-AA 15

21 9 6
                                    

Pukul 14.59

Semua siswa tentunya menahan kantuk jika jam pelajaran terakhirnya. Seperti hal nya Acha nampak tak fokus belajar biologi pada saat jam terakhir. Mengusir rasa bosan karena harus mendengarkan bu Eni mengajar, Acha melirik luar kelas. Matanya menajam melihat cowok tersebut melalui kelas Acha namun mukanya melihat kearah lain jadi ia tak melihat wajah tuh cowok. "Benerkan cowok itu sekolah disini" batin Acha.

Jam pelajaran sudah selesai membuat siswa-siswa sekolah ini berhamburan pulang ke rumahnya masing-masing.

Cuaca hari ini nampak mendung. Mungkin akan turun hujan, pikirnya. Kelas sudah nampak sepi menyisakan Acha,Nashi dan Abri.

"Cha, gue nebeng sepeda lo lagi ya, soalnya enggak bawa motor hehe."

Acha mengangguk faham. Mereka berdiri dan melangkah pergi keluar kelas. Namun disaat mereka ingin menaiki sepeda sepertinya ada yang memanggil Acha. Mereka menoleh sudah ada Arkan yang berlari kecil mengejarnya.

"Capek banget." tutur Arkan.

"Salah siapa ngejar kita!" ketus Abri. Apa akan ada persaingan sengit untuk merebut hati Acha? Namun Acha masih bimbang untuk memilih salah satu dari mereka. Arkan adalah orang yang masih Acha kagumi. Namun Abri juga enggak kalah penting. Hidup nya selalu ada Abri, dimana ada Acha pasti disitu ada Abri.

Acha melangkah mendekati Arkan "Iya kak, kenapa ngejar Acha."

"Lo mau enggak nanti malam jalan sama gue Cha?" tanya arkan. Apa ini mimpi? Acha mungkin sedang halu namun halunya menjadi kenyataan Acha di ajak sama Arkan jalan. Dengan antusias Acha mengangguk bahwa ia setuju.

"Nanti malam gue chat lo." Arkan tersenyum dan berlalu pergi.

"Dia betes gue liatnya." Acha menyenggol lengan Abri, "Eh tapi dia dapat nomor gue dari mana?" Sambungn Acha memikirkan perihal nomor.

"Bodoamat, enggak usah alai, cepet naik." sewot Abri, namun akhirnya Acha menaiki sepeda bersama Abri.

Dengan sepeda yang mereka naiki seraya bersenandung membelah jalanan kota bandung. Menikmati udara segar karena cuacana mendung.

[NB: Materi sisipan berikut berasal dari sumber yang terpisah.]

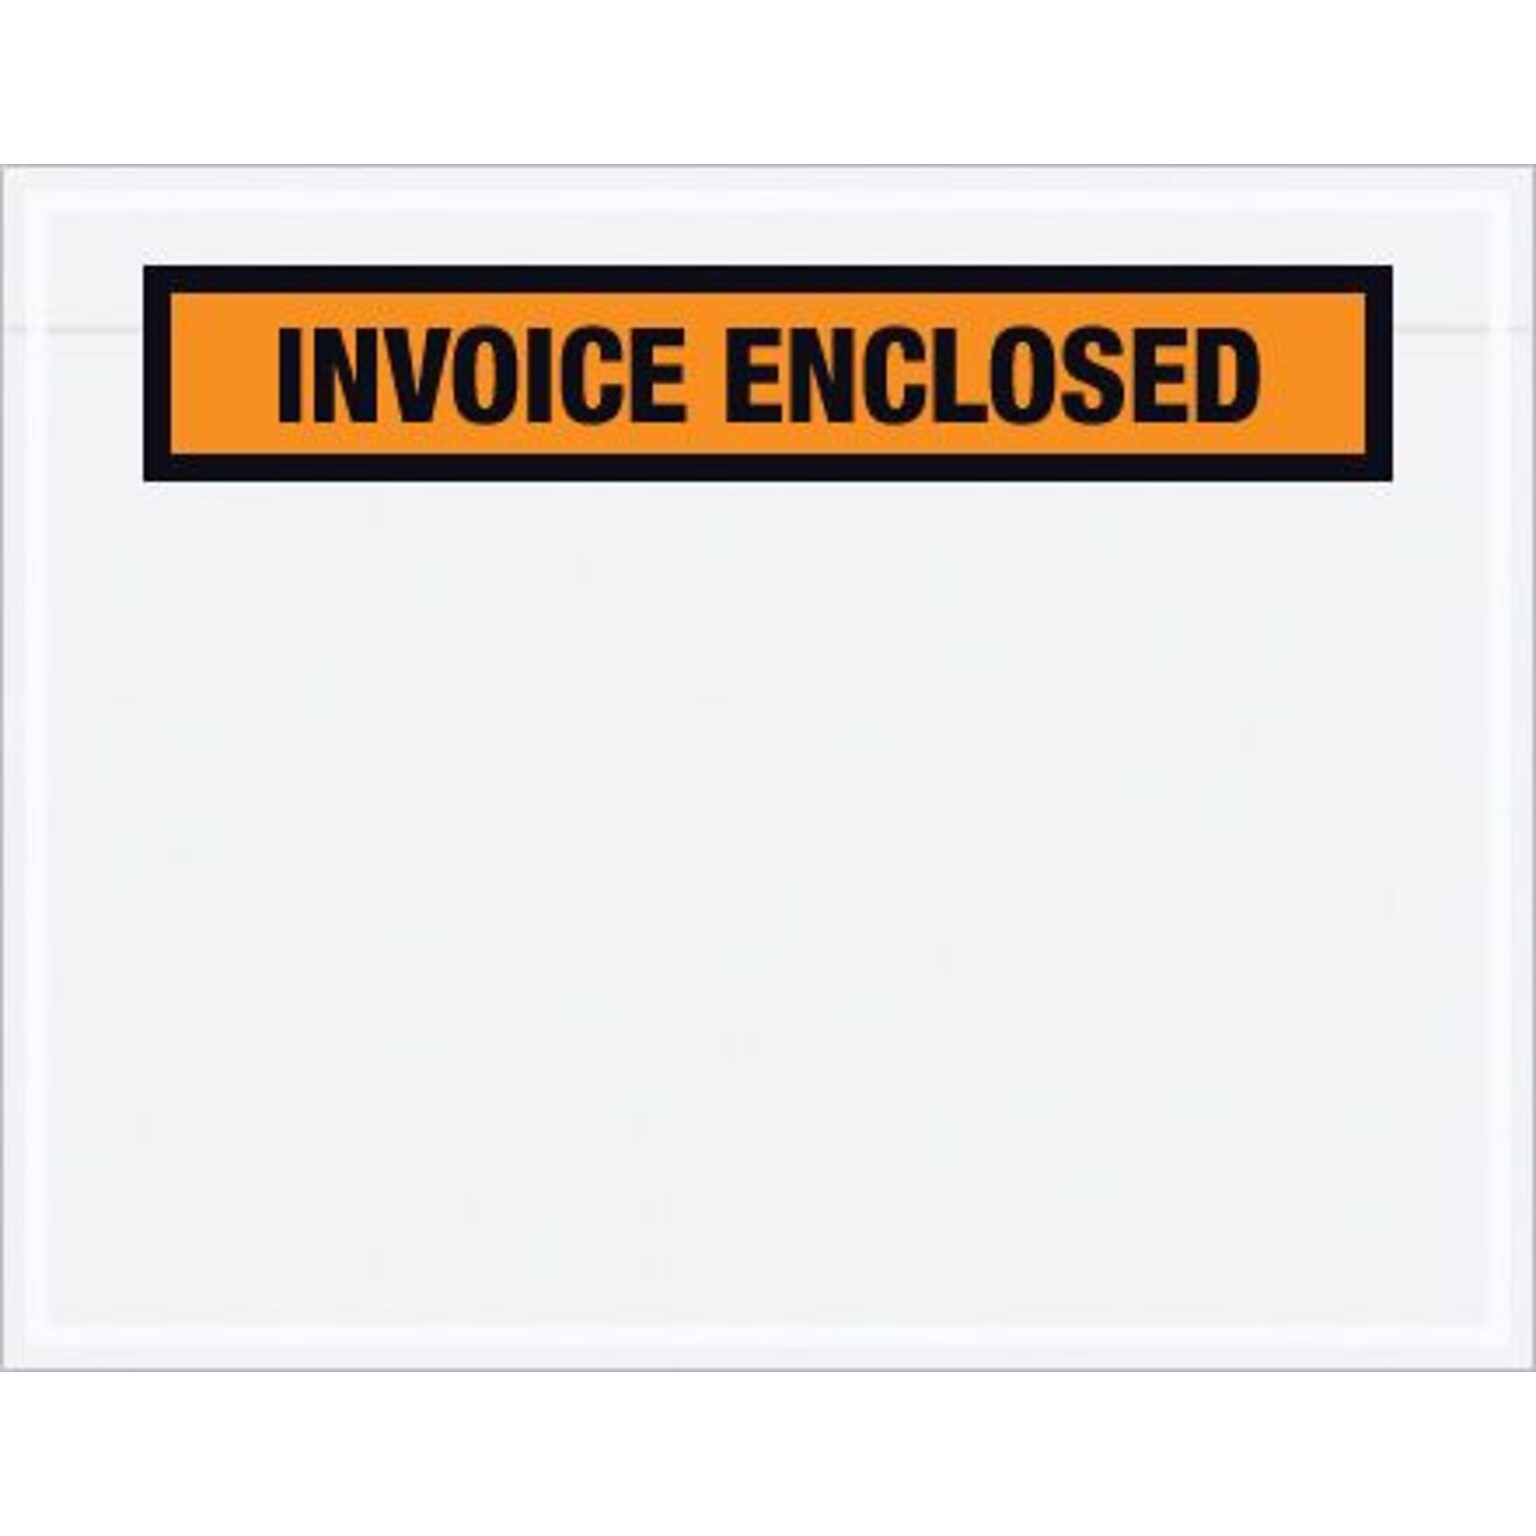 Quill Brand® Packing List Envelope, 7 x 5.5, Orange Panel Face, Invoice Enclosed, 1000/Case (PL23)

Acha mengangkat tangannya keatas, angin berhembus kencang. membuat rambut Acha menutupi wajahnya. melambai-lambai tangannya ke atas menyambut angin yang menyentuh kulitnya "Gue capek dengan masalah ini." Teriaknya seiring hembusan angin. Abri yang melihat hanya perlu mendengarkan Acha berbicara.

"Cha, gue ajak lo kesuatu tempat. lo mau?" tanya Abri , diangguki oleh Acha.

Tangan Abri memegang tangan kanan Acha dan menaruhnya pada pinggangnya. Acha tau maksud dari Abri kedua tangannya memeluk tubuh Abri dengan erat.

"Nyaman." wangi parfum maskulin Abri bisa tercium oleh Acha. Jarak mereka begitu dekat hingga membuat jantung Acha semakin berdetak dengan cepat, berirama layaknya alunan musik.

"Lo tau Cha, kenyaman menjadi awal untuk membuat seseorang jatuh cinta." Acha hanya kendengarkan ucapan Abri tanpa mau membalasnya.

Cinta memang menjadi alasan orang hidup, tanpa cinta mereka tak akan pernah bahagia. Orang yang selalu ada akan kalah dengan kenyamanan.

"Cha, lo beneran suka sama Arkan?" tanya Abri seraya menggoes sepeda.

"Gue enggak tau, suka atau hanya mengagumi saja." Acha sendiri masih tidak tau dengan perasaannya sendiri. Ia mengagumi Arkan namun tidak ingin kehilangan Abri. Bilang saja Acha egois namun kenyataannya memang benar adanya.

Setelah menggoes sepeda cukup jauh, mereka sampai pada tempat yang sejuk dan juga langit seolah mendukung karena mendung membuat mereka menghirup udara segar. Alam yang masih alami di tumpuhi pohon-pohon yang menjulang tinggi membuatnya berfikir panjang tempat apa ini. Pasalnya Abri baru mengajaknya ketempat senyaman ini.